Seguii l’Uomo dei Dadi, poi l’I Ching, lessi Gurjieff e Alistair Crowley e praticai lo yoga. Una volta ho fatto un sogno vivido di luce chiara, il contrario estatico di un incubo. Un ritiro di meditazione con amici dell’ordine buddista occidentale fu istruttivo ma non attraente.

Poi, attraverso una serie di eventi apparentemente non collegati, decisi di andare in India. O quello o la terapia, ed ero orgogliosa e cinica.

L’hashish era descritto come il primo guru dai Baba del Chillum, i devoti di Shiva. Ero una consumatrice abituale e avevo anche sperimentato alcuni viaggi con acidi che aprivano la mente nelle zone più selvagge dell’Olanda. A Rishikesh fui accolto da un piccolo gruppo di seguaci di Babaji e Babaji, uno di mezza età e calvo, uno più giovane con i capelli lunghi, entrambi piccoli e robusti. Ci sedemmo intorno al fuoco sacro e fumammo chillum tutto il giorno nel loro piccolo tempio semicostruito, mangiammo riso e dahl e imparammo le abitudini di quelle attività……… rimasi con loro diverse settimane e non mi chiesero mai denaro né mi rimproverarono per non essermi alzata all’alba per la puja mattutina.

La lezione duratura che ho imparato da questi uomini gentili è stata quella di onorare in qualche modo ogni tempio che incontravo – che in India si trova spesso ogni cento metri, ogni grande albero o nuovo scenario – con un’offerta, una pulitura o un riconoscimento.

Da lì sono andato a Madras per il festival della musica; ho imparato a salutare il sole e ho seguito gli insegnamenti di Krishnamurti, considerandolo mio maestro anche se lui rifiutava l’idea che ci fosse qualcosa da insegnare.

A Goa ho messo i miei soldi e il mio passaporto in una banca per sperimentare la vita senza beni per qualche settimana. Avevo alcune sciarpe di seta da vendere per ricavarne denaro e si poteva sempre dormire sulla spiaggia. I tarocchi presero vita e tutto era nitido, luminoso e significativo – poi mi ammalai di epatite.

Rowan all’incirca nel 1985

Mentre ero in convalescenza vicino al confine con il Tibet a Tato Pani, in Nepal, ho dormito in una specie di veranda coperta sopra una stanza dove alcuni studenti tibetani studiavano la pittura delle thanka. Il loro maestro era impressionante e, nei miei ricordi, indossava un cappello a tesa larga come Garab Dorje ed irradiava energia. A volte un giovane veniva a lavarsi sotto le sorgenti calde e liberava le sue lunghe trecce dal filo rosso.

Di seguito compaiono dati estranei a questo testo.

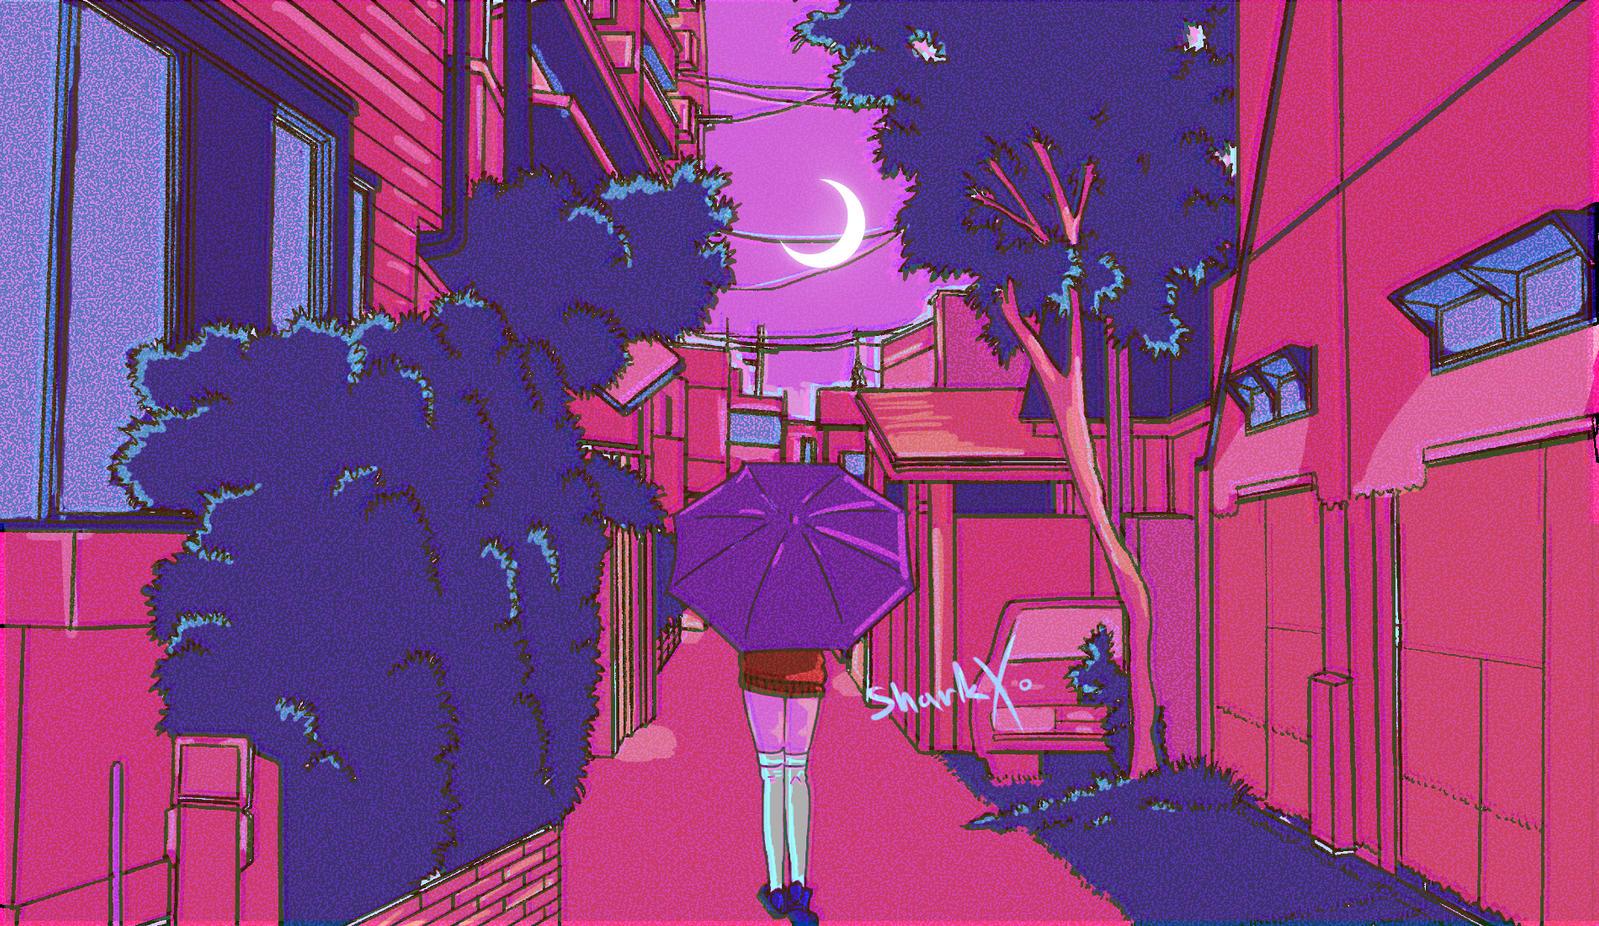 daily_art_23_hmmmmm_____by_ghostgamer37-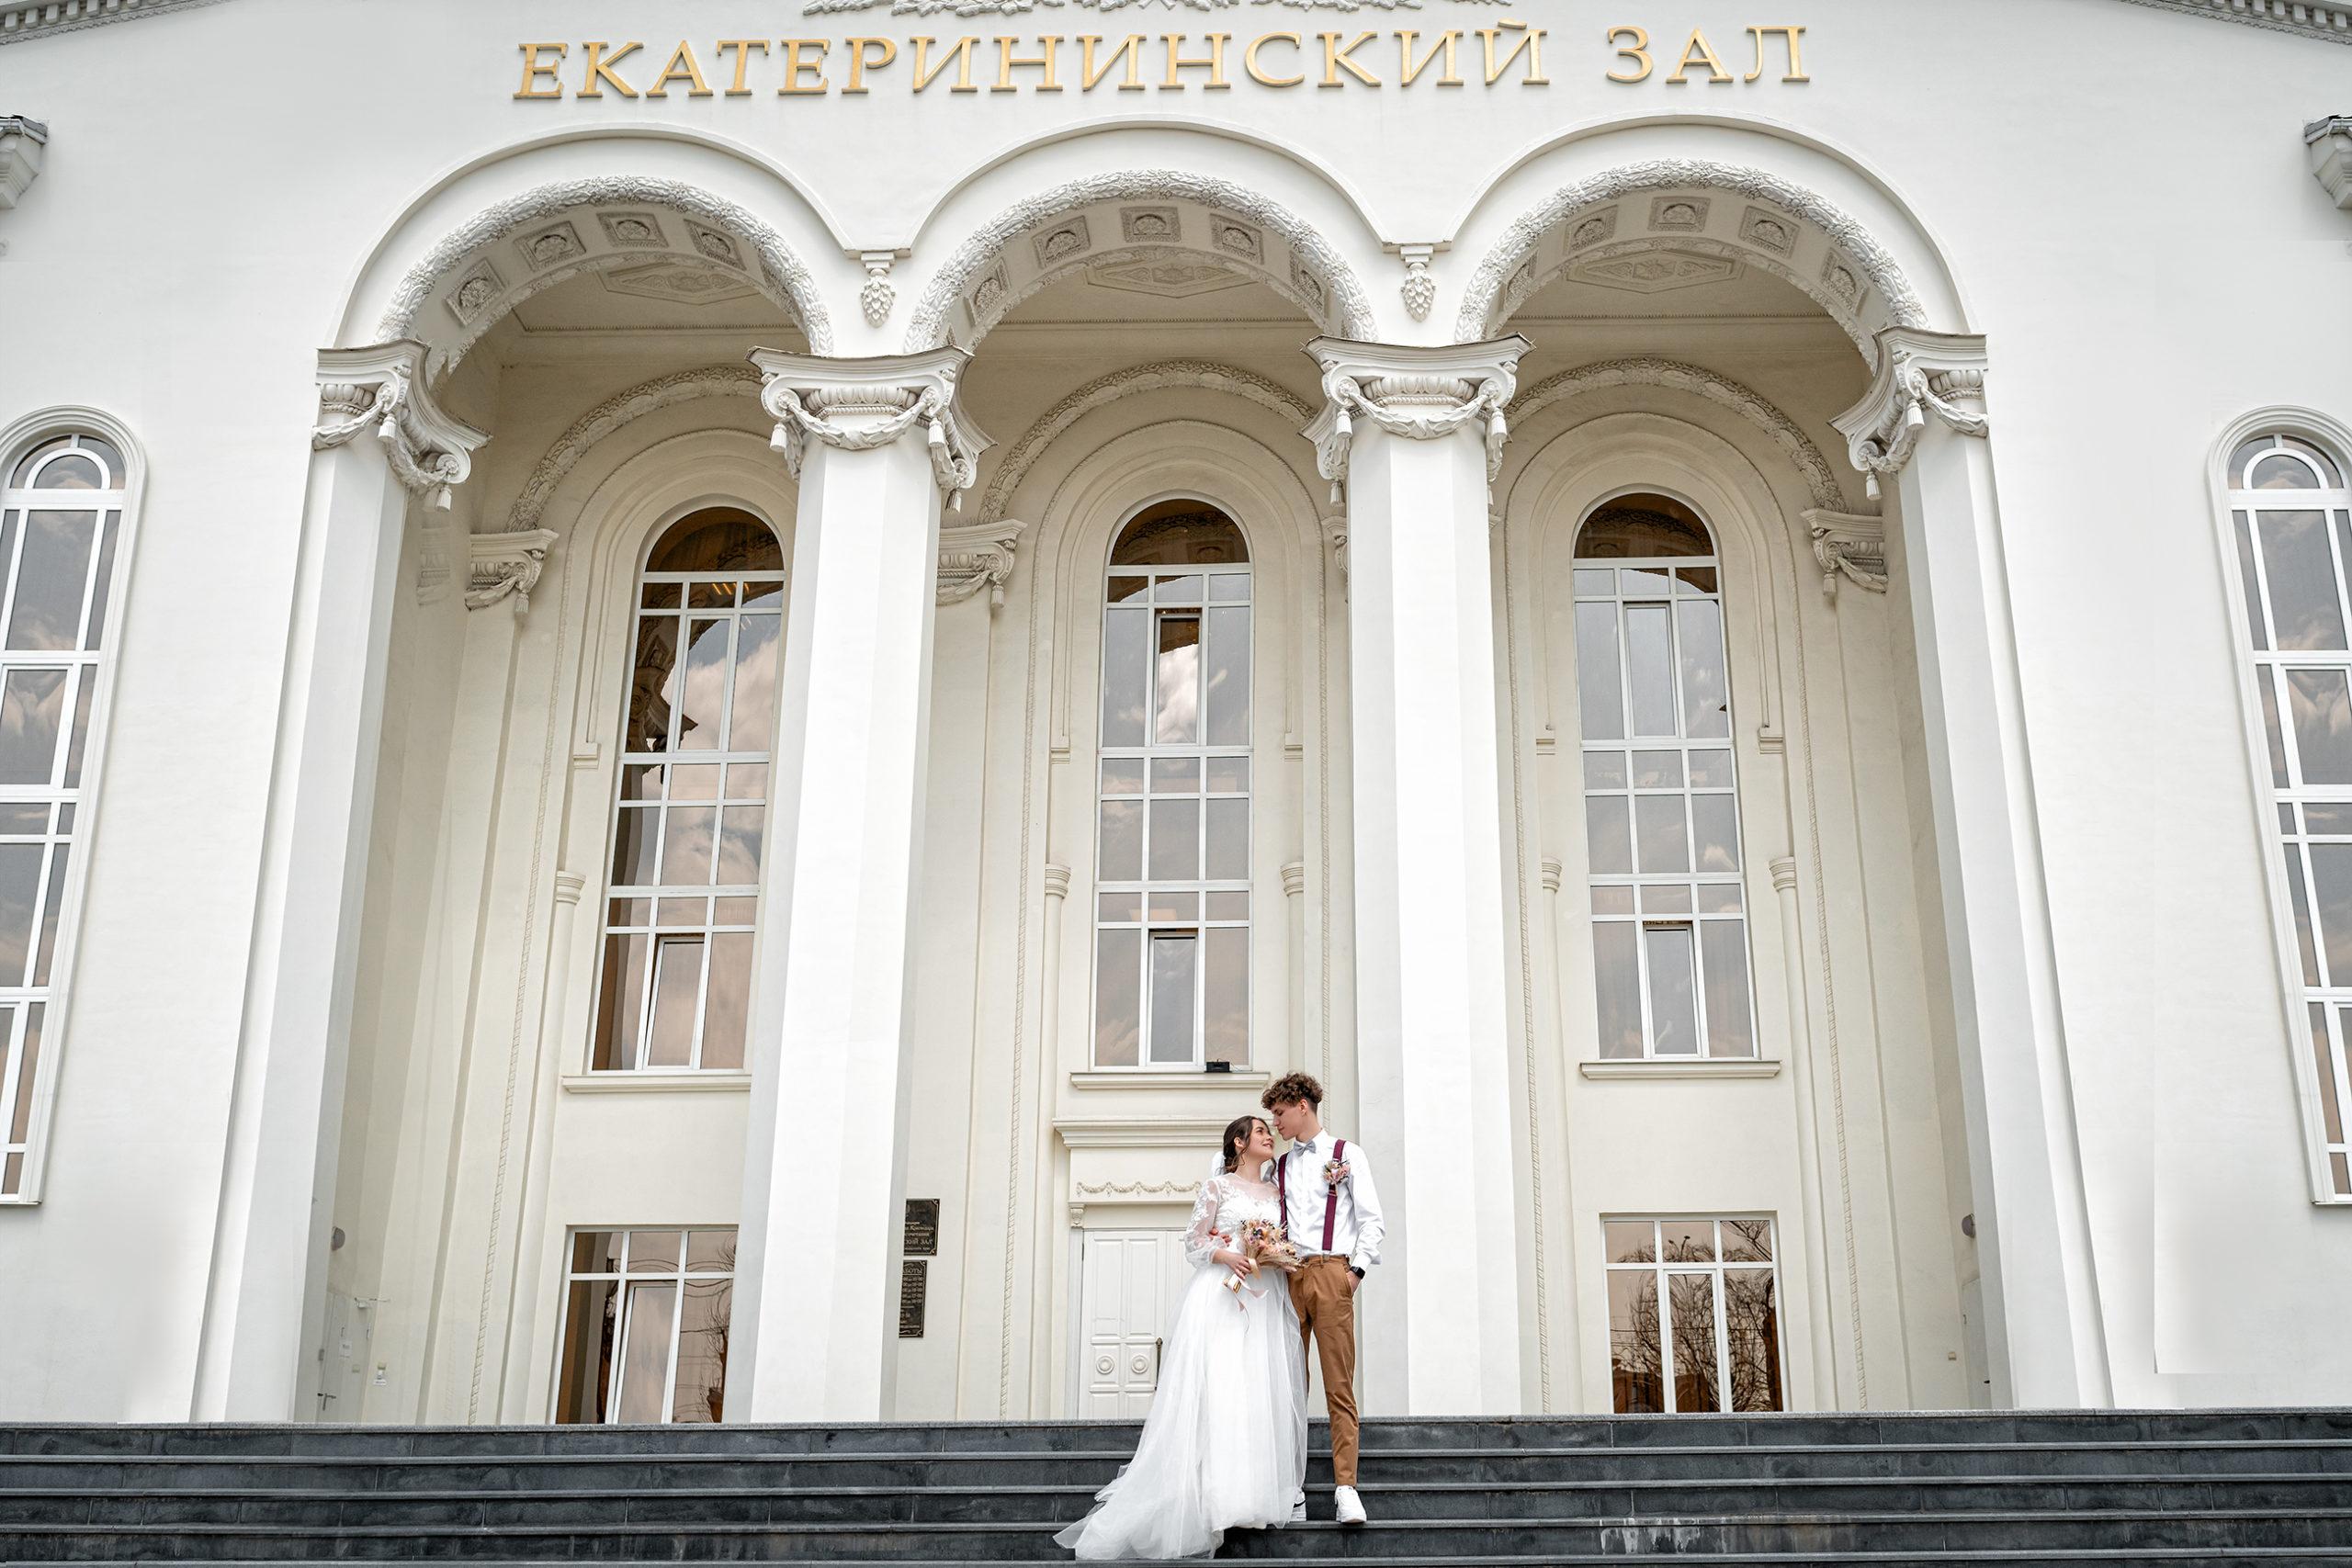 Cвадебная фотосъемка в ЗАГСе Екатерининский Зал Краснодар от свадебного фотографа. Главный вход в ЗАГС Екатерининский Зал

Che meraviglia.

In diverse occasioni avevo sentito parlare di uno swami indù che insegnava metodi molto pratici per scoprire la propria natura, e mi unii a un gruppo di circa 20 europei e israeliani che vivevano in alcune case vuote nella foresta sopra Dalhousie. Abbiamo cantato mantra, ci siamo prosternati, abbiamo camminato, siamo rimasti svegli, abbiamo cantato dei canti, abbiamo digiunato, siamo rimasti in silenzio, abbiamo detto la verità e abbiamo meditato. E abbiamo fumato chillum. È stato molto intenso e interessante, le persone cambiarono.

Dopo quasi due anni in India avevo imparato a onorare ogni immagine e albero sacro, a cantare mantra mentre camminavo, a coltivare la calma, a diffidare delle gerarchie, ad accettare il caos.

Ma innamorarmi impotentemente del discepolo preferito di Swamiji mi ha gettato di nuovo nella speranza e nella disperazione. D’altronde credevo che, nonostante decenni di emancipazione femminile, come un’eroina di Jane Austin la mia vita si sarebbe realizzata solo quando avessi avuto L’Uomo.

Quando non ha funzionato, mi sono ritrovata con il cuore spezzato e sola vicino a Boudhanath, a Katmandhu. Una monaca tibetana spagnola mi salutò amichevolmente dallo stupa. Qualche giorno dopo la incontrai di nuovo, mi portò al monastero di Kopan dove Lama Thubten Yeshe teneva un corso di Lam Rim. Durante il tragitto abbiamo assistito a una prova delle danze dei Lama, con maschere intere e volteggi a 360 gradi.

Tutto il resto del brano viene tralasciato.